4. A heat exchanger as claimed in claim 1 in which said tank is provided with at least one internal baffle formed integral with that tank wall opposite said membrane wall, said baffle being sized to extend through said membrane wall into said cast resin layer.

5. A heat exchanger as claimed in claim 1 in which said membrane wall and said header tank's wall are formed integrally one with the other from a plastic material.

6. A heat exchanger as claimed in claim 1 in which the ends of at least a portion of said tubes are bonded in holes in a rigid plate, said rigid plate being imbedded in said resin layer.
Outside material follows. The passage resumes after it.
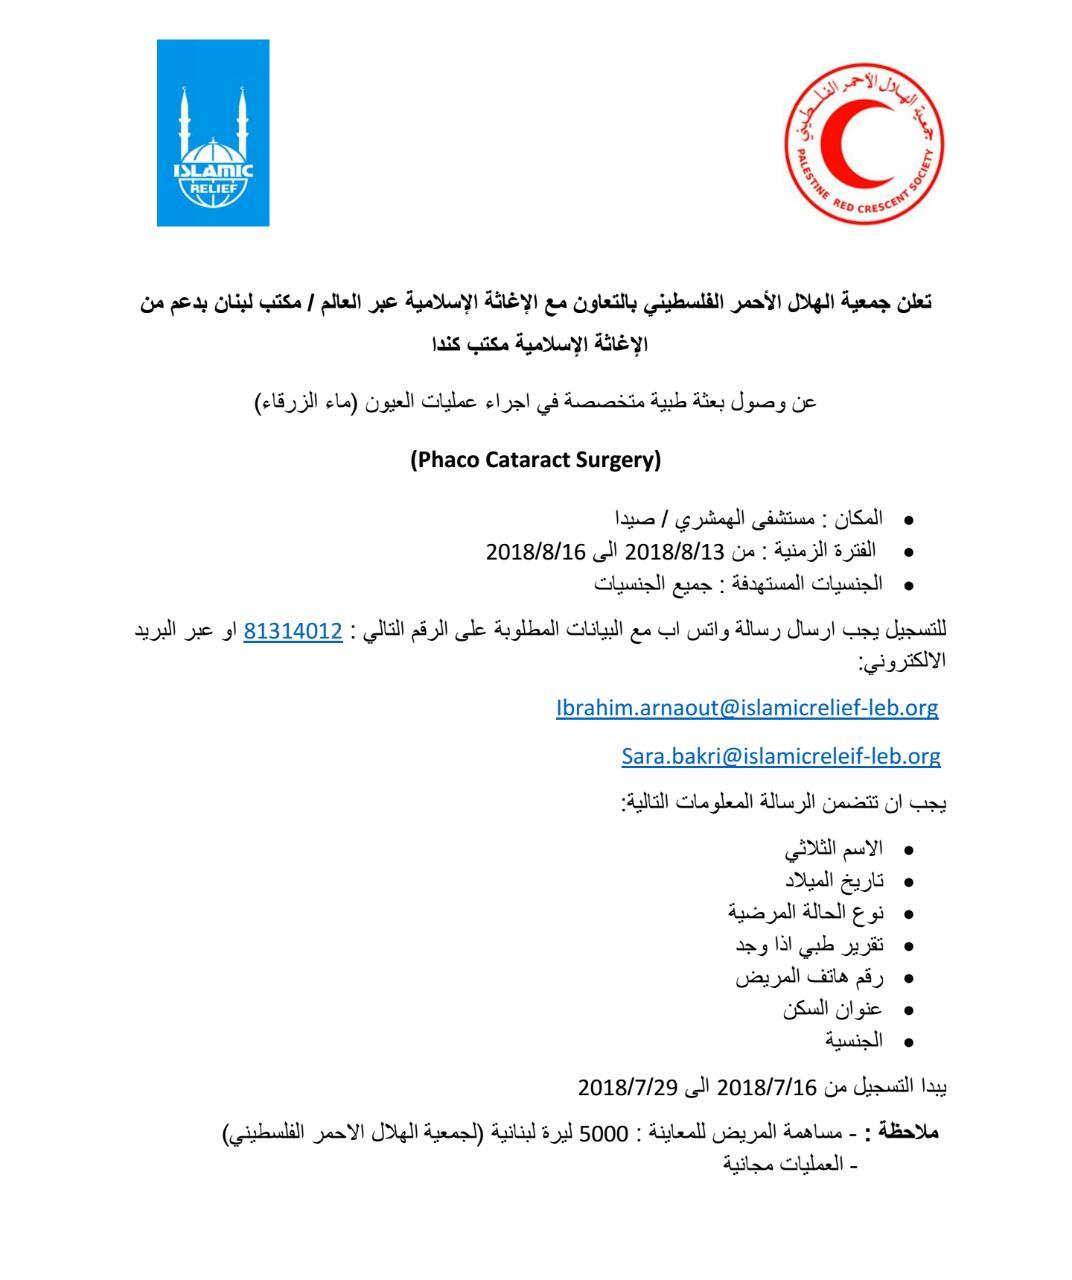 جمعية الهلال الاحمر الفلسطيني بالتعاون مع الاغاثة الاسلامية عبر العالم تعلن عن وصول بعثة طبية متخصصة في اجراء عمليات العيون

7. A heat exchanger comprising

a header tank that defines a fluid chamber, said header tank having a membrane wall that forms a portion of said tank's wall,

an annular wall extending outwardly from said header tank's wall and surrounding at least a portion of said membrane wall, said membrane and annular walls thereby defining a casting mold on the exterior surface of said header tank,

a plurality of tubes connected in fluid transfer relation with that portion of said header tank's membrane wall surrounded by said outwardly extending annular wall, said tubes and membrane wall being sealingly fixed one to the other in a mechanical resilient grip relation,

each tube and membrane wall connection being defined by a hole in the membrane wall through which the end of that tube passes, and an inclined lip extending inwardly from said membrane wall and being sized to resiliently grip that tube in a sealing relation, and

a resin compound cast onto the exterior surface of said header tank in that area defined by said annular wall to form a resin layer of substantial thickness, the resin compound being such as to provide a bond of strength with said tubes and with said membrane wall, said membrane wall and said resin layer thereby combining to form a rigid collector plate for said heat exchanger.

8. A heat exchanger as claimed in claim 7 in which said resin layer is formed of an epoxy resin filled with at least one of glass spheres, beads and fibers.

9. A heat exchanger as claimed in claim 7 in which said tank is provided with at least one internal baffle formed integral with that tank wall opposite said membrane wall, said baffle being sized to extend through said membrane wall into said cast resin layer.

10. A heat exchanger as claimed in claim 7 in which said membrane wall and said header tank's wall are formed integrally one with the other from a plastic material.

11. A heat exchanger as claimed in claim 7 in which the ends of at least a portion of said tubes are mounted in holes in a rigid plate, said rigid plate being imbedded in said resin layer.